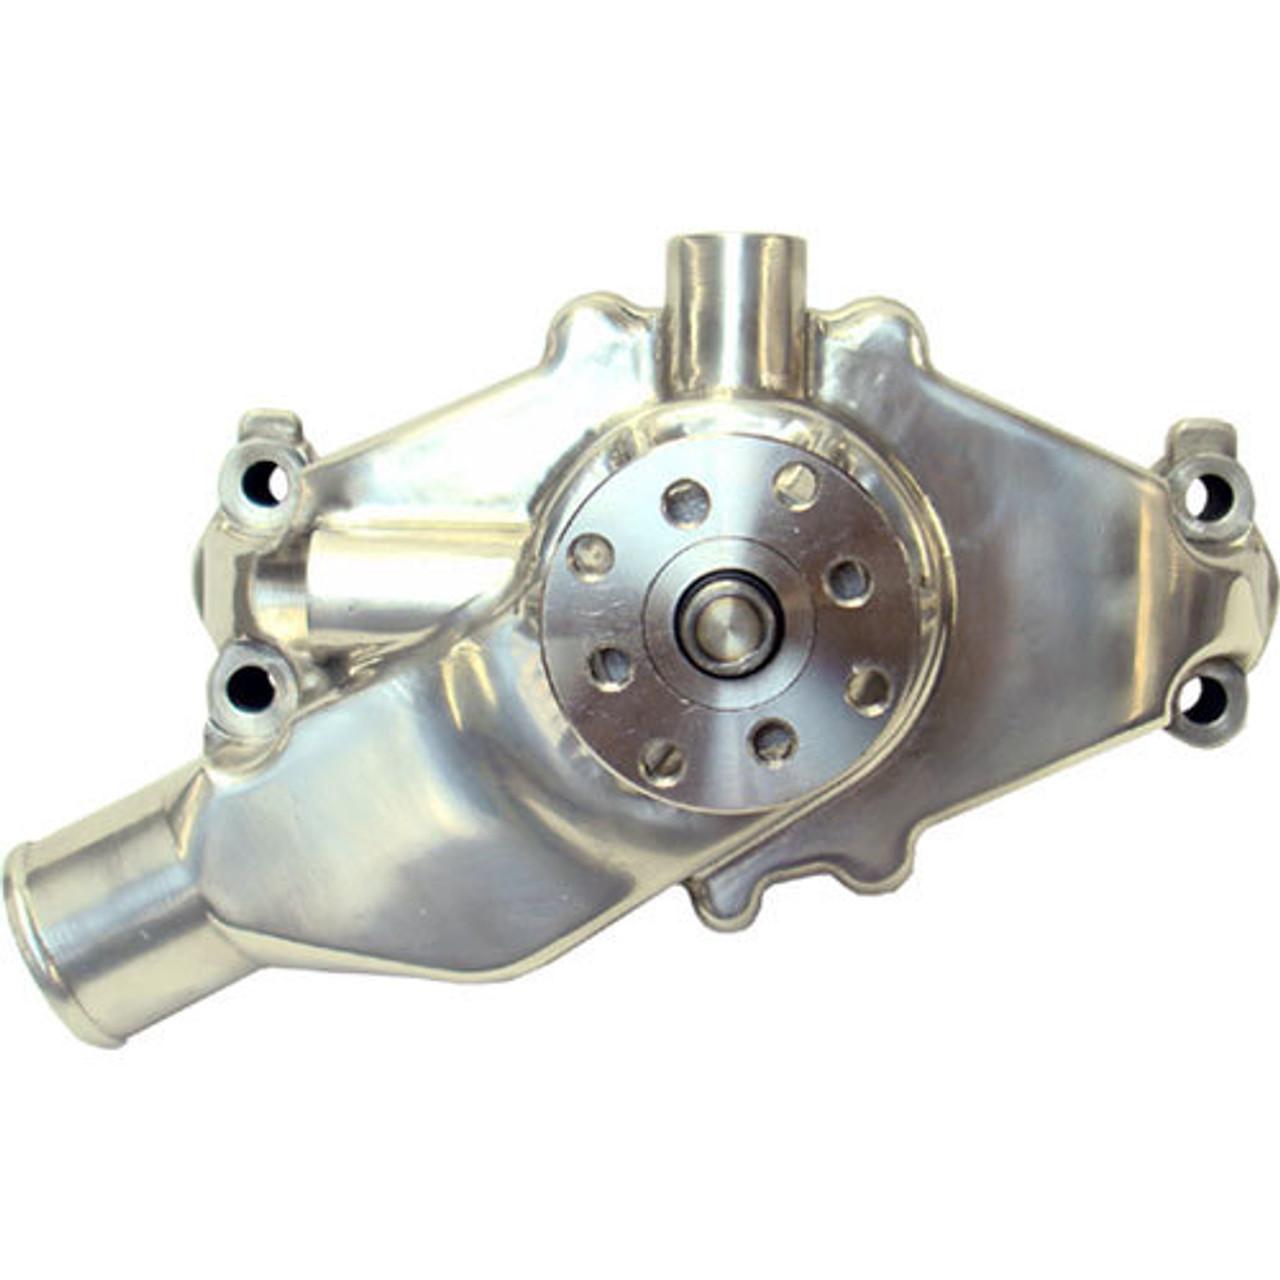 Mechanical Water Pumps
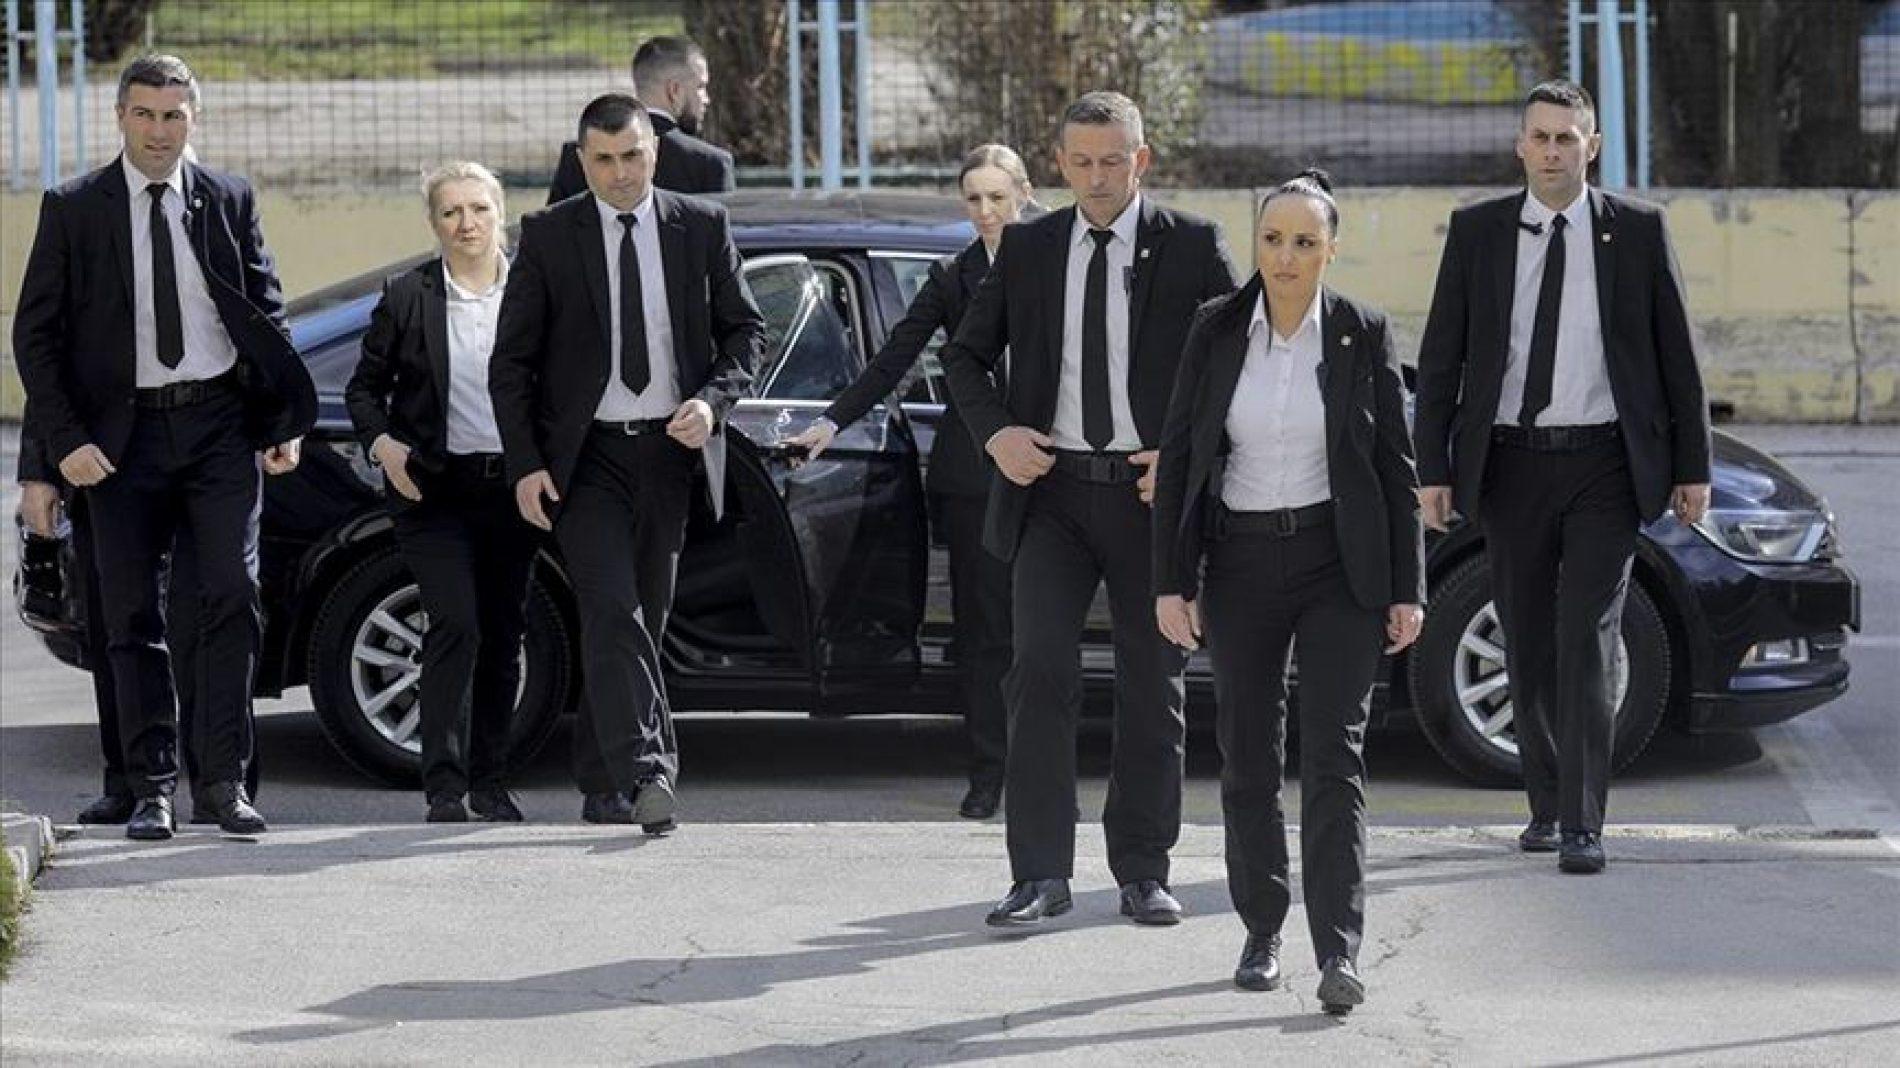 Bosanke koje čuvaju VIP delegacije: Osiguravale Erdogana, Merkel, papu..
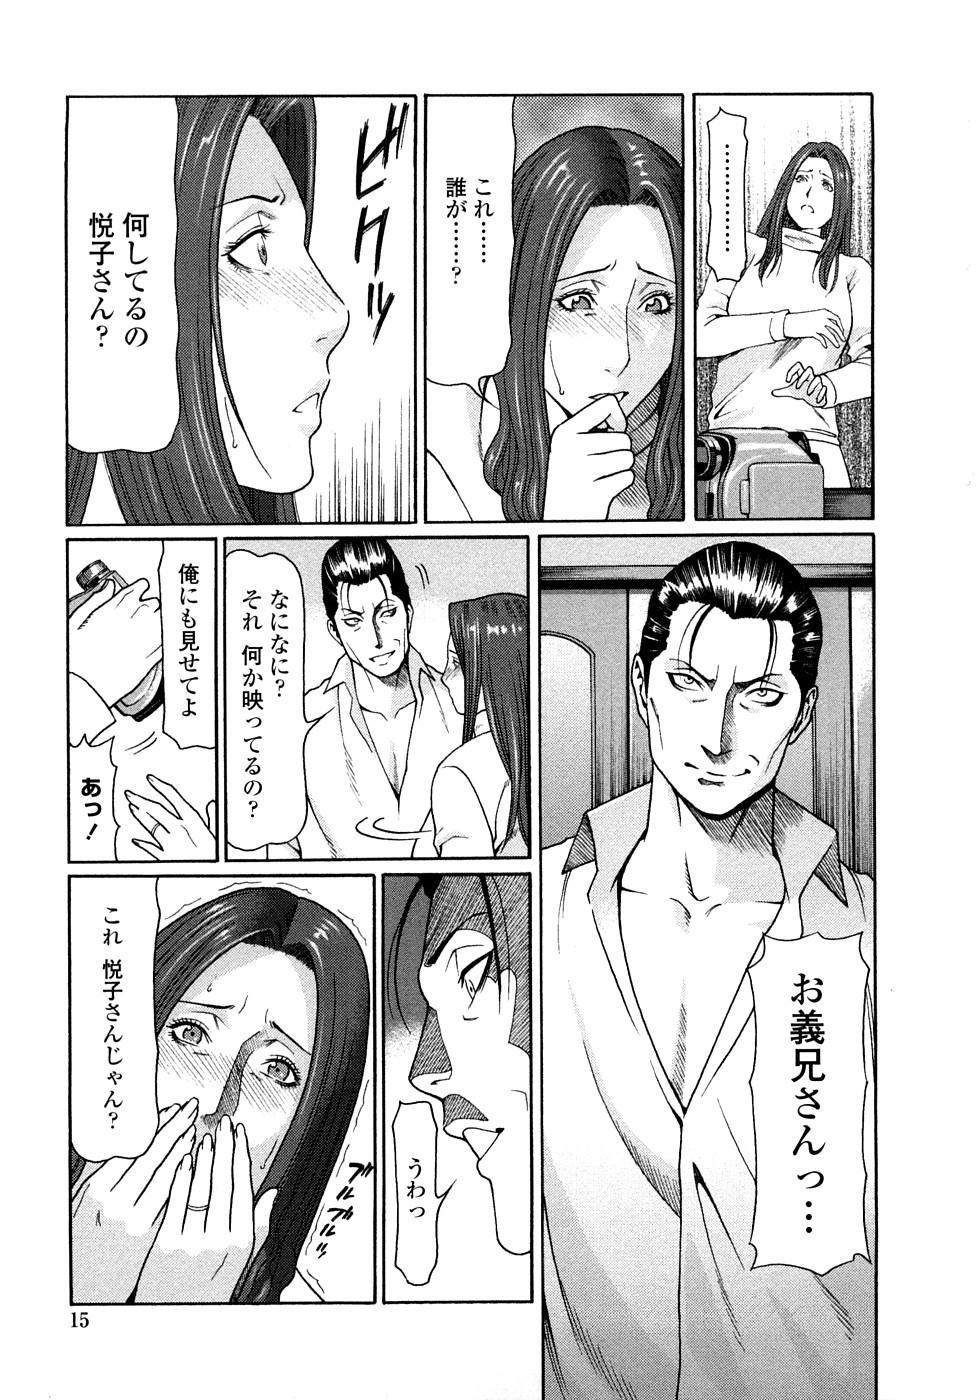 Etsuraku no Tobira - The Door of Sexual Pleasure 13

§ **Work required**
Quote the material word for word, dropping any images it holds.

§ **Solution below**
 Mechanical Water Pumps
 Bosanke koje čuvaju VIP delegacije: Osiguravale Erdogana, Merkel, papu..
 Etsuraku no Tobira - The Door of Sexual Pleasure 13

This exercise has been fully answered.